======== Dataset content

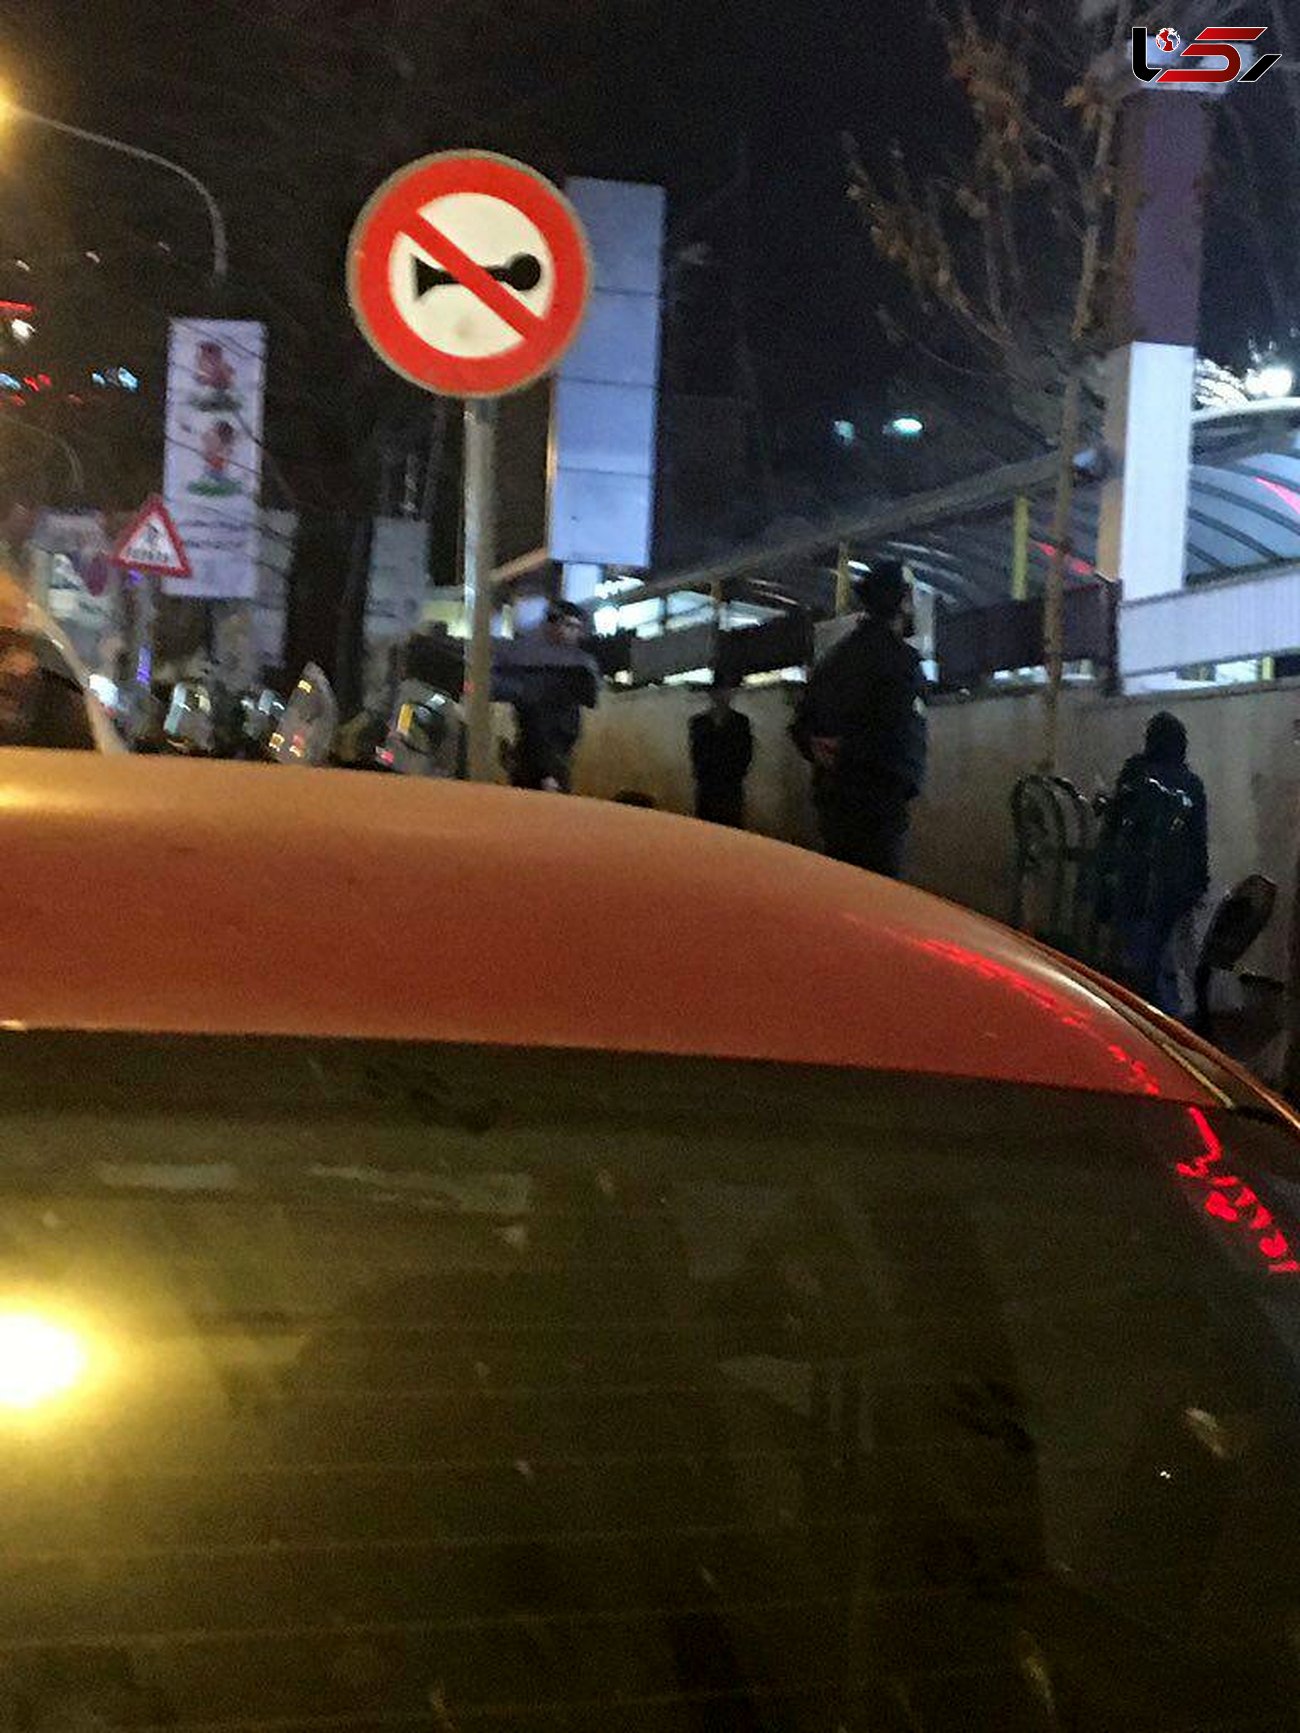 رییس جمهوری با چشمانی اشکبار  بیمارستان تجریش را ترک کرد+عکس مقابل بیمارستان
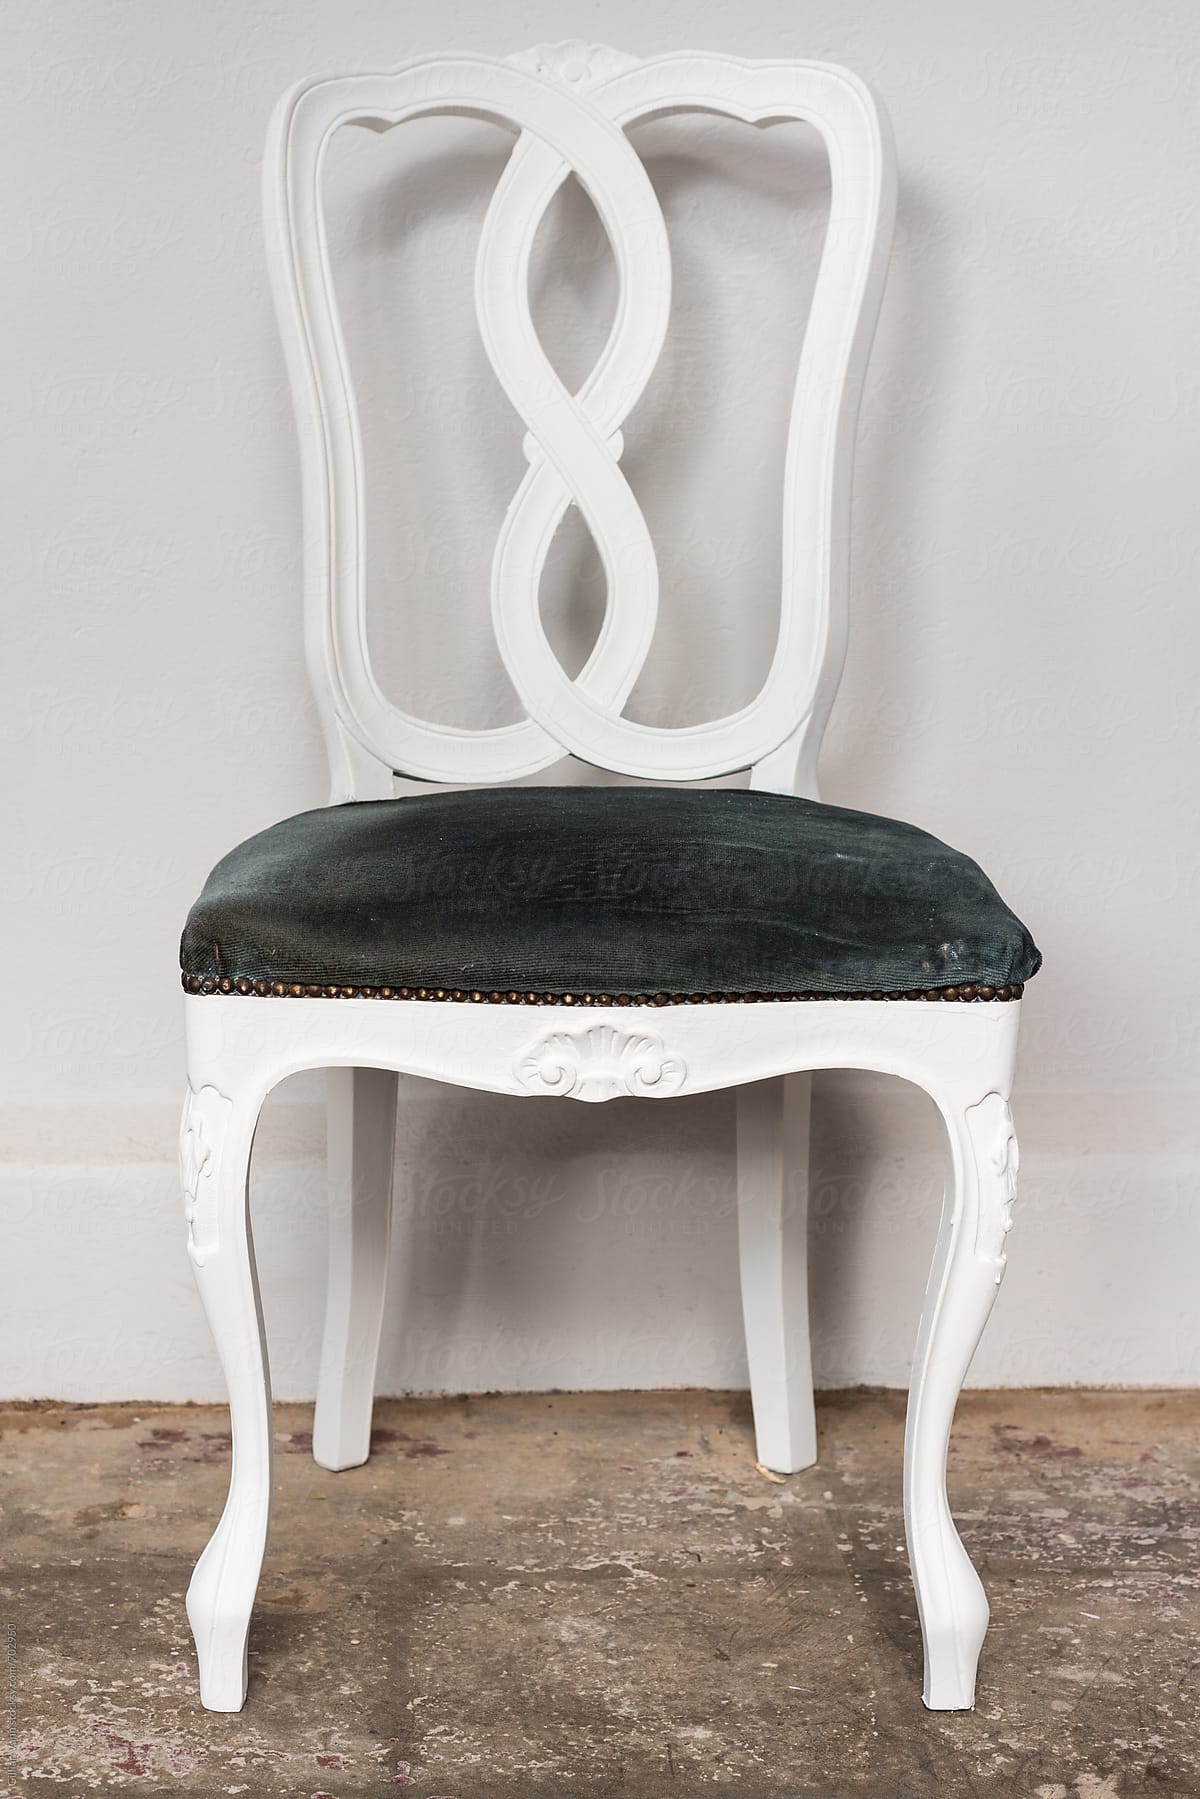 white vintage chair against a plain wall,
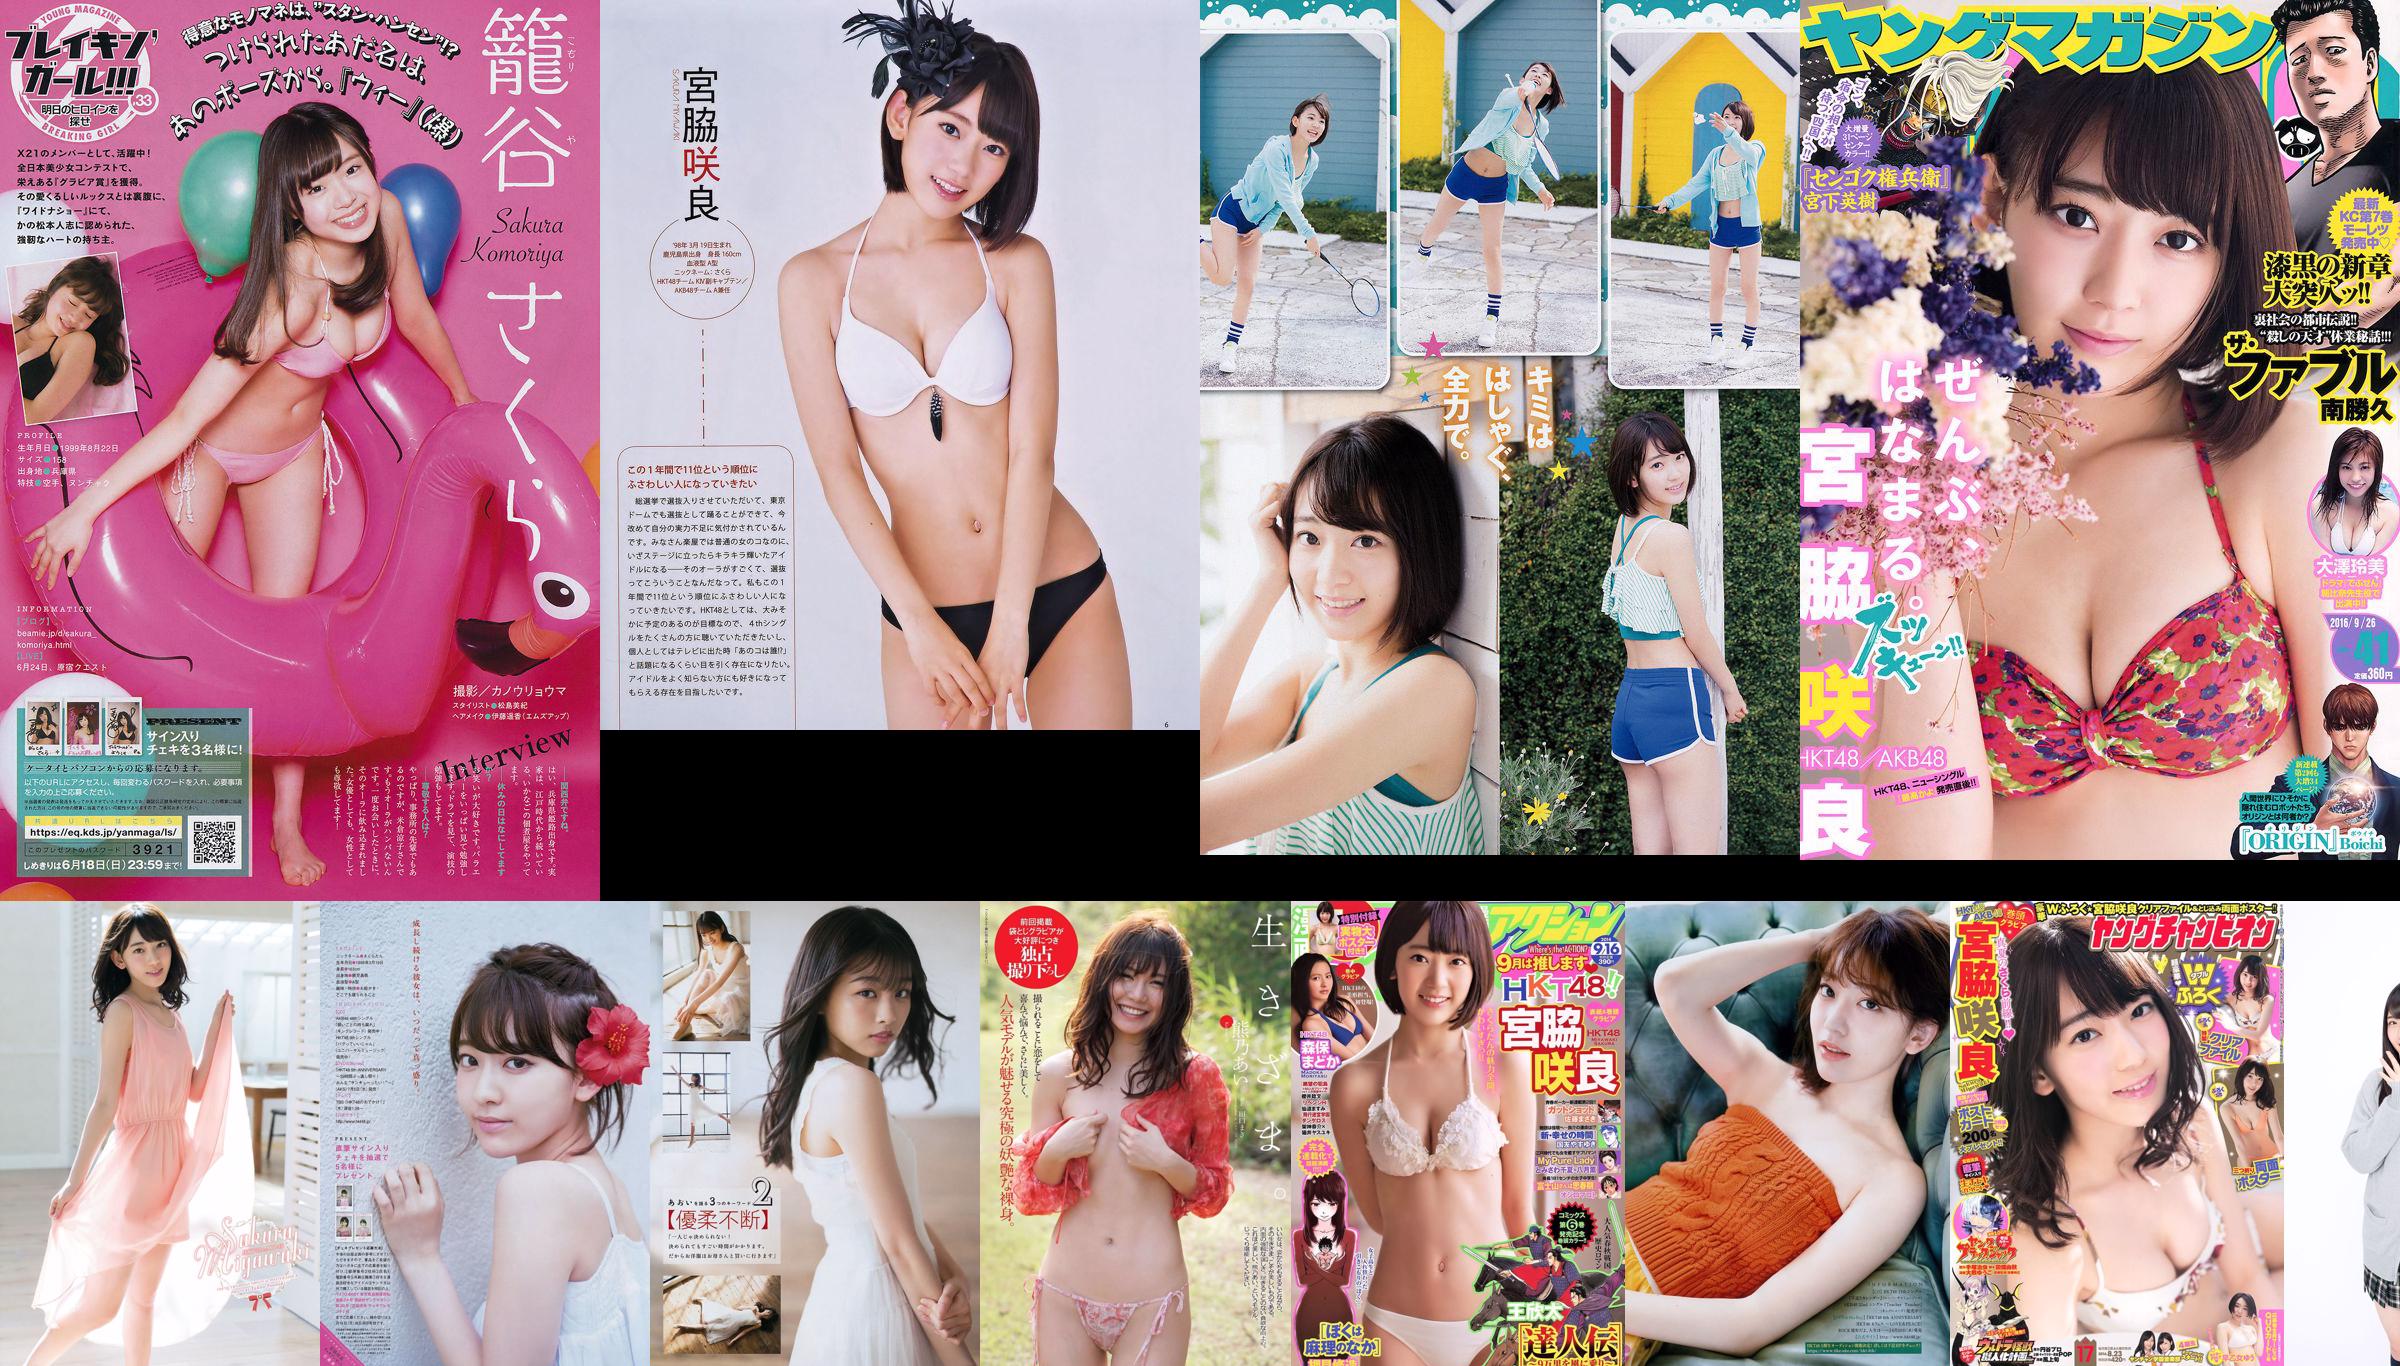 [Manga Action] Miyawaki Sakura 2014 No.18 Photo Magazine No.03cdac Page 3

================

Work request => Restate the listing above word for word and skip each picture.

Response to the exercise =>
 رییس جمهوری با چشمانی اشکبار  بیمارستان تجریش را ترک کرد+عکس مقابل بیمارستان
 white vintage chair against a plain wall,
 [Manga Action] Miyawaki Sakura 2014 No.18 Photo Magazine No.03cdac Page 3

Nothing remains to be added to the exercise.